* **Problem requirements**
With the images removed, repeat the data below exactly.

* **Information supplied**
* * *

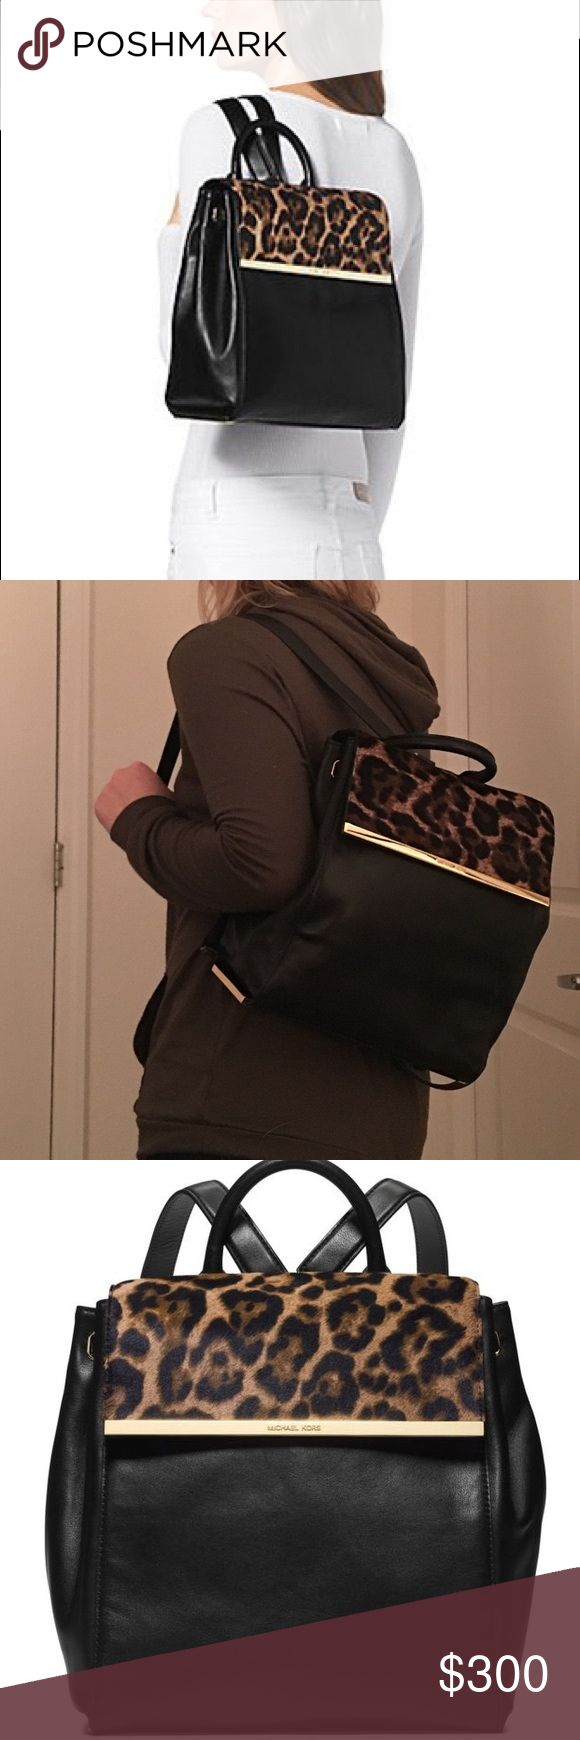 Michael kors back pack black Lana Michael Kors - Nwt Women's Black Lana Leopard-Print Hair Calf And Leather Backpack Michael Kors Bags Backpacks
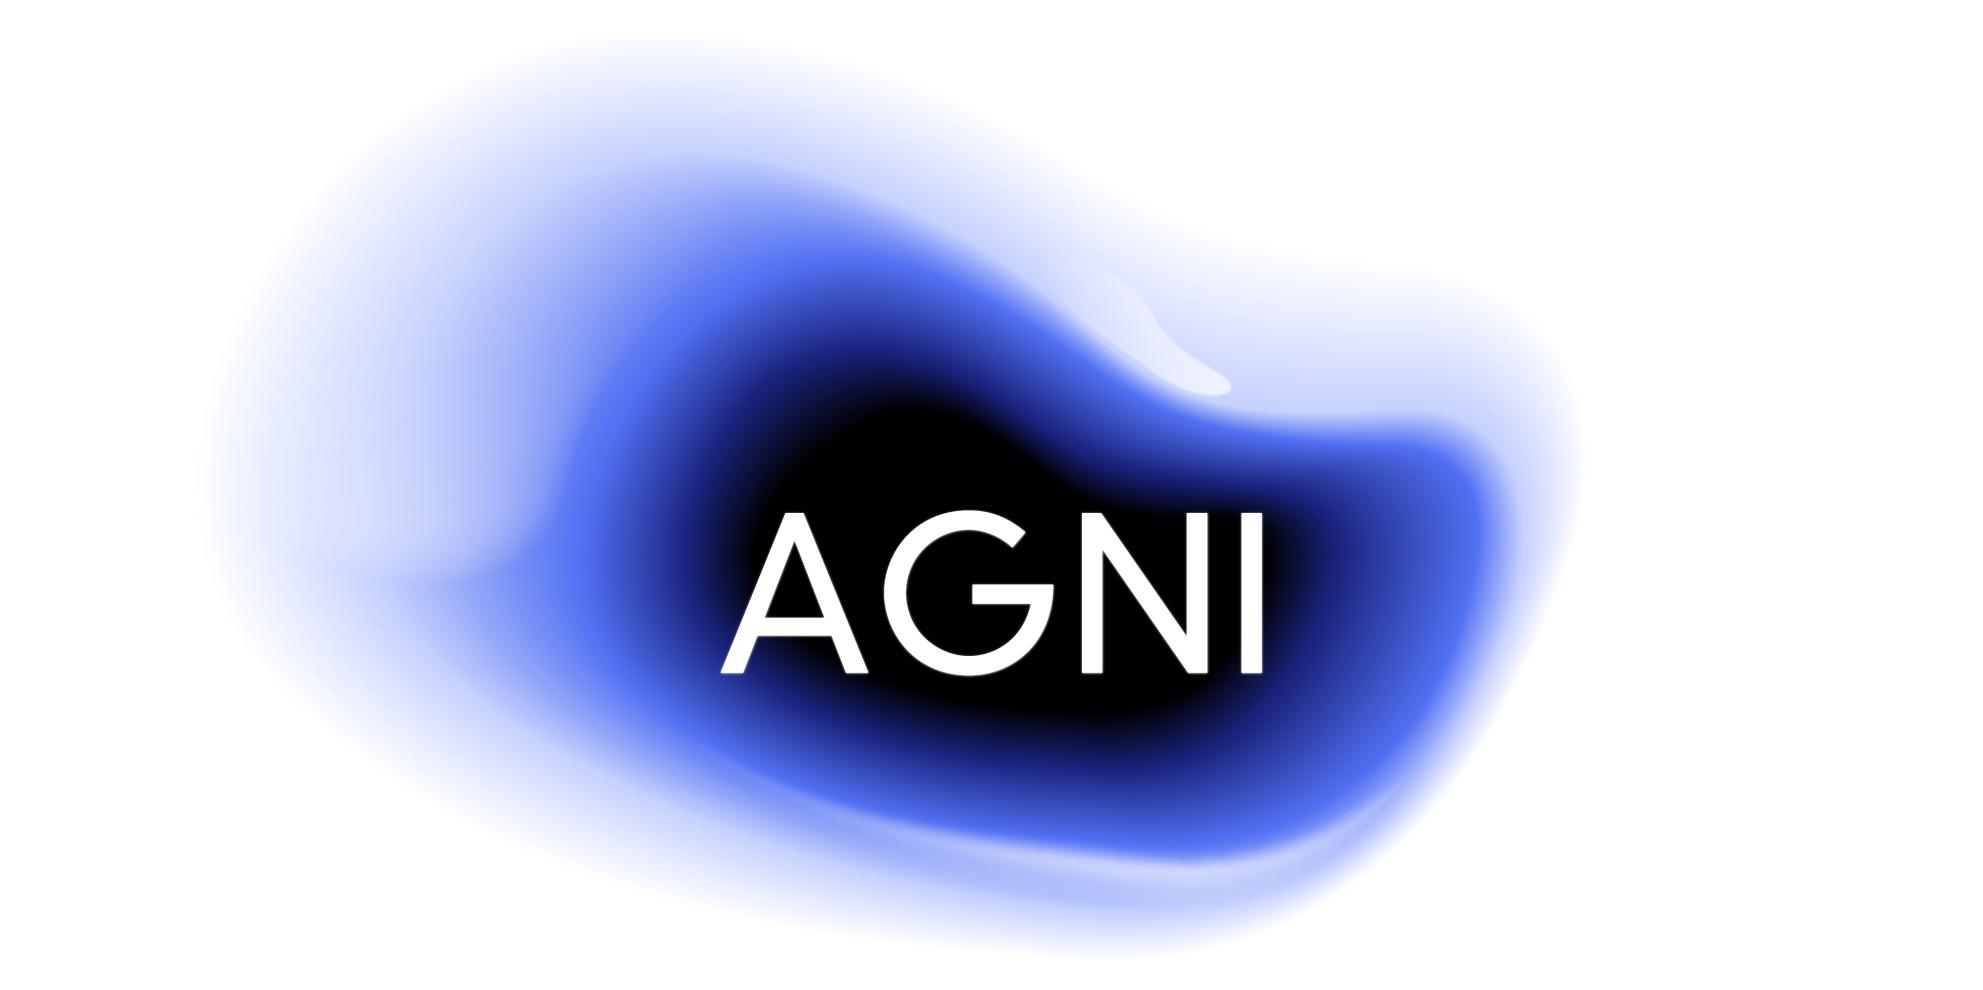 AGNI_Plasma Background [1]-01.png
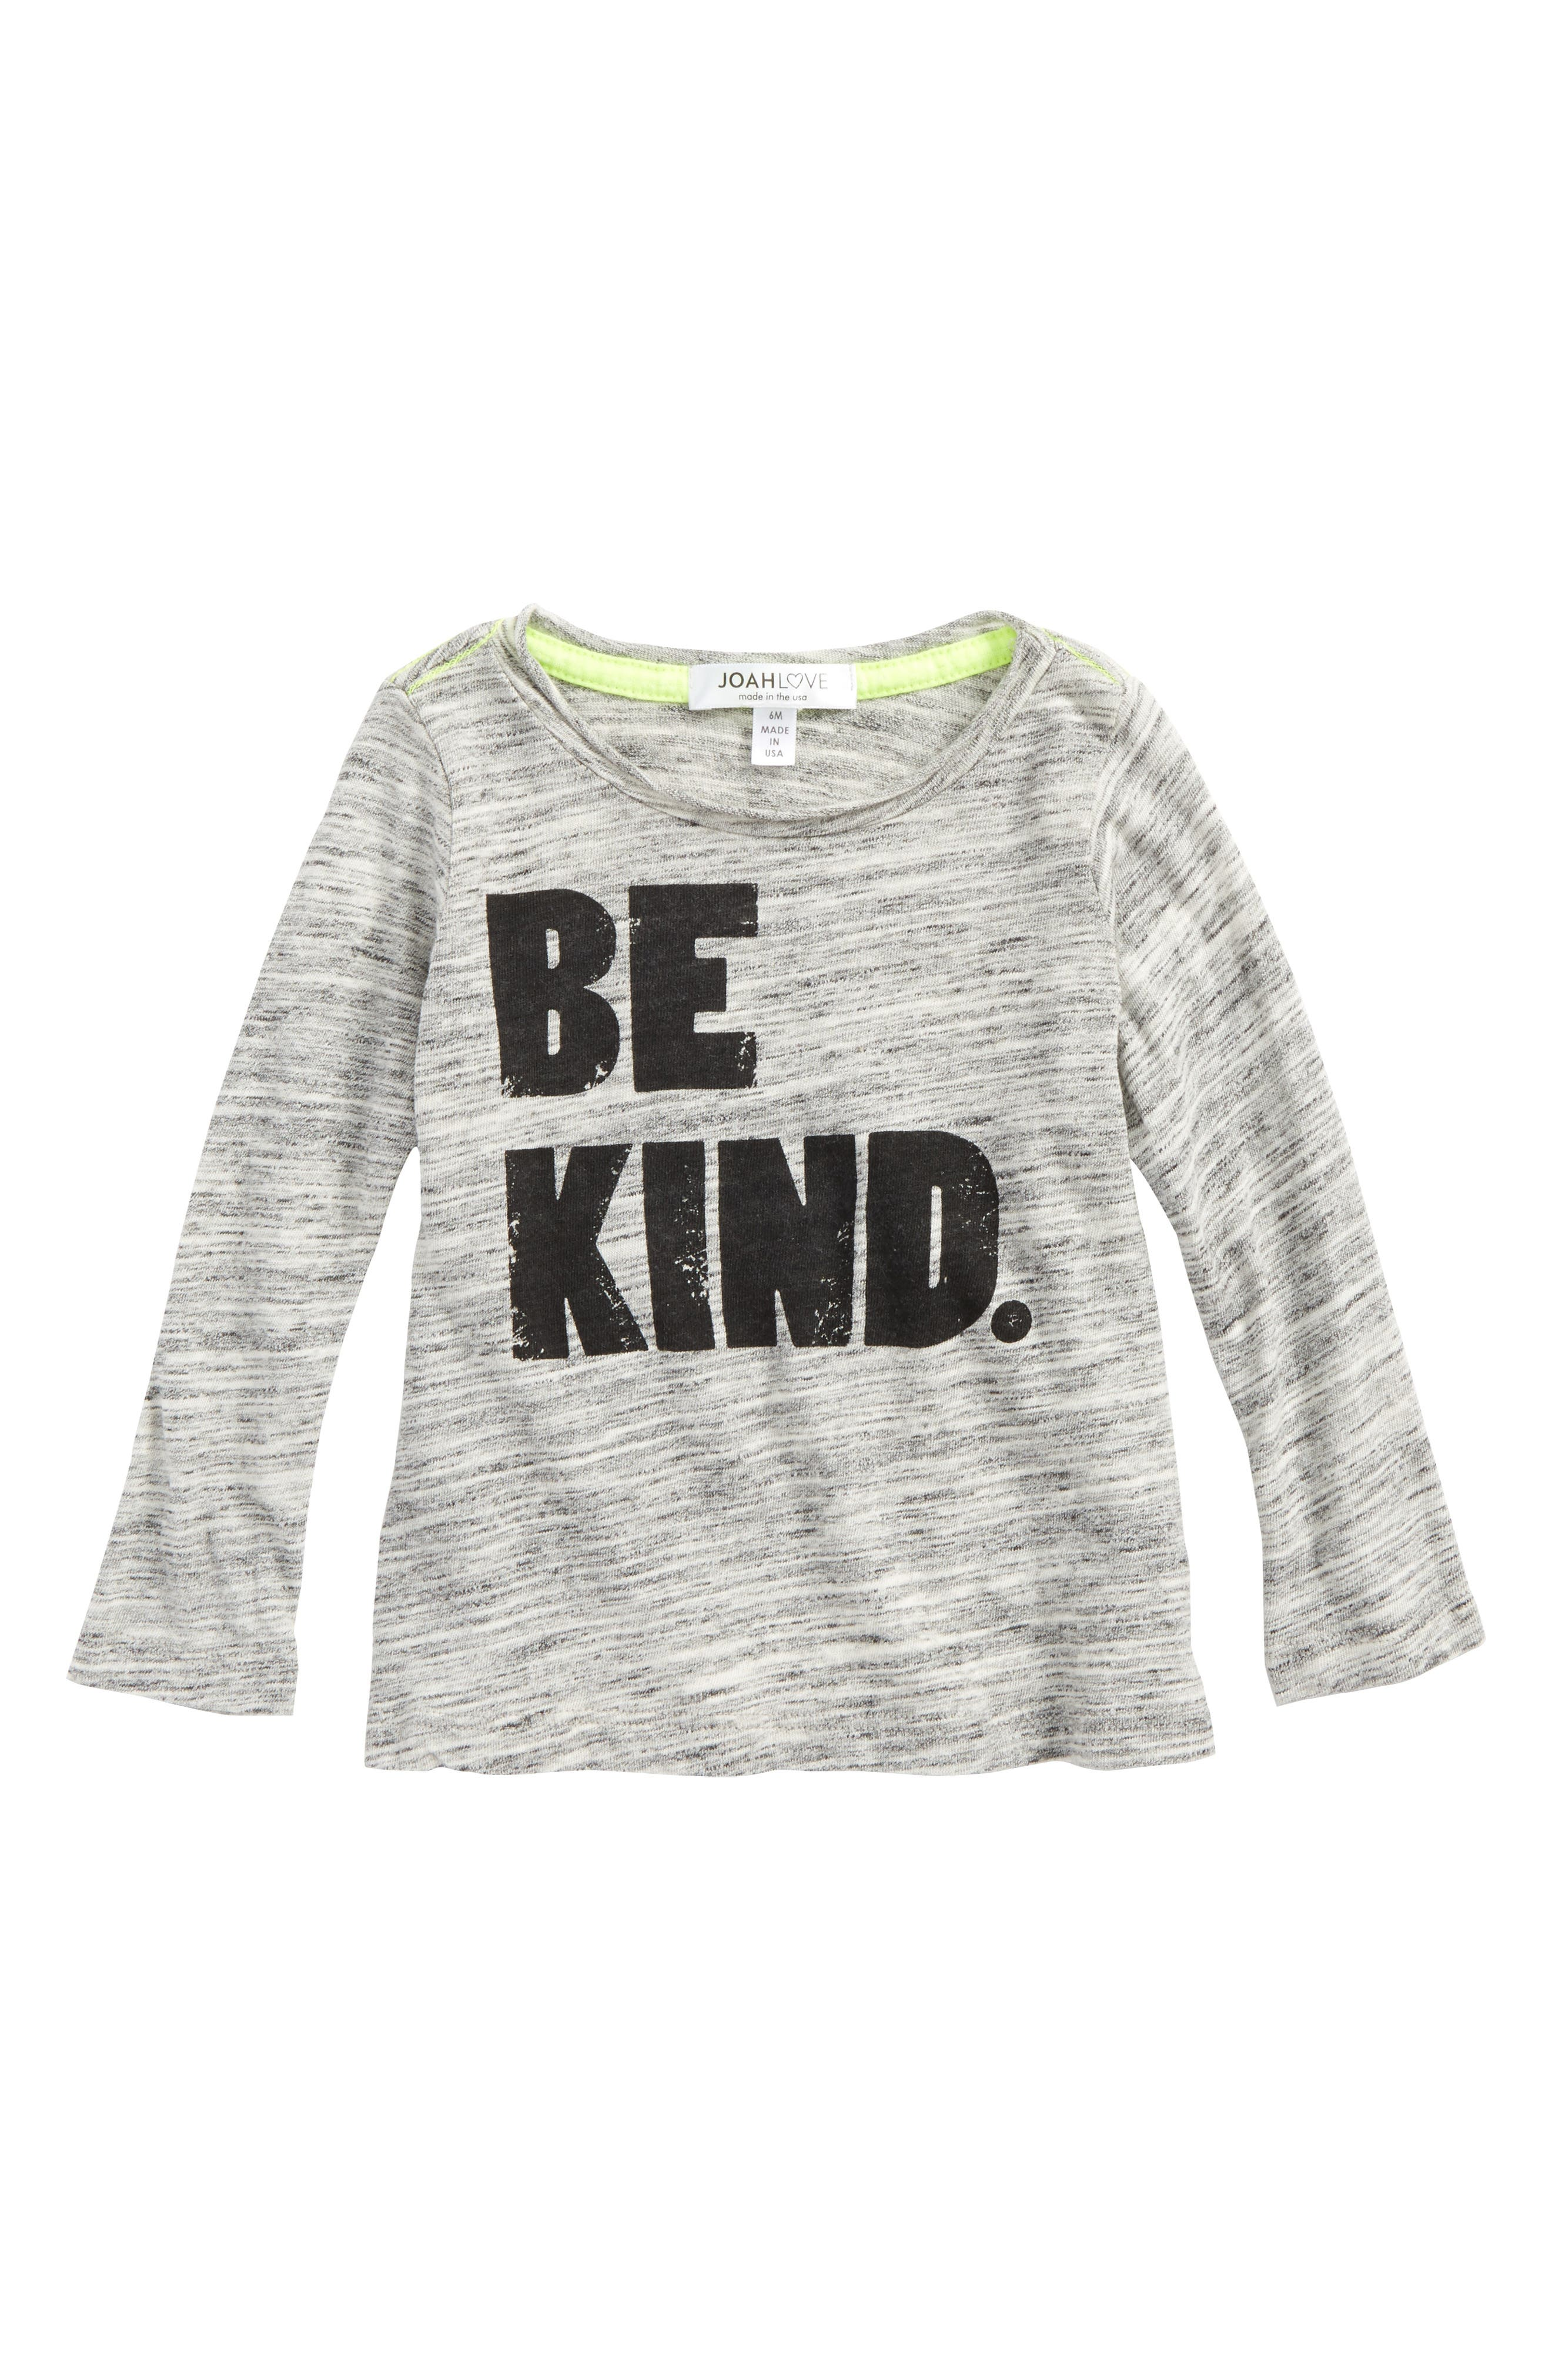 Main Image - Joah Love Be Kind Graphic Shirt (Baby Girls)

* * *

* **Response to this exercise**
 Michael kors back pack black Lana Michael Kors - Nwt Women's Black Lana Leopard-Print Hair Calf And Leather Backpack Michael Kors Bags Backpacks
 AGNI_Plasma Background [1]-01.png
 Main Image - Joah Love Be Kind Graphic Shirt (Baby Girls)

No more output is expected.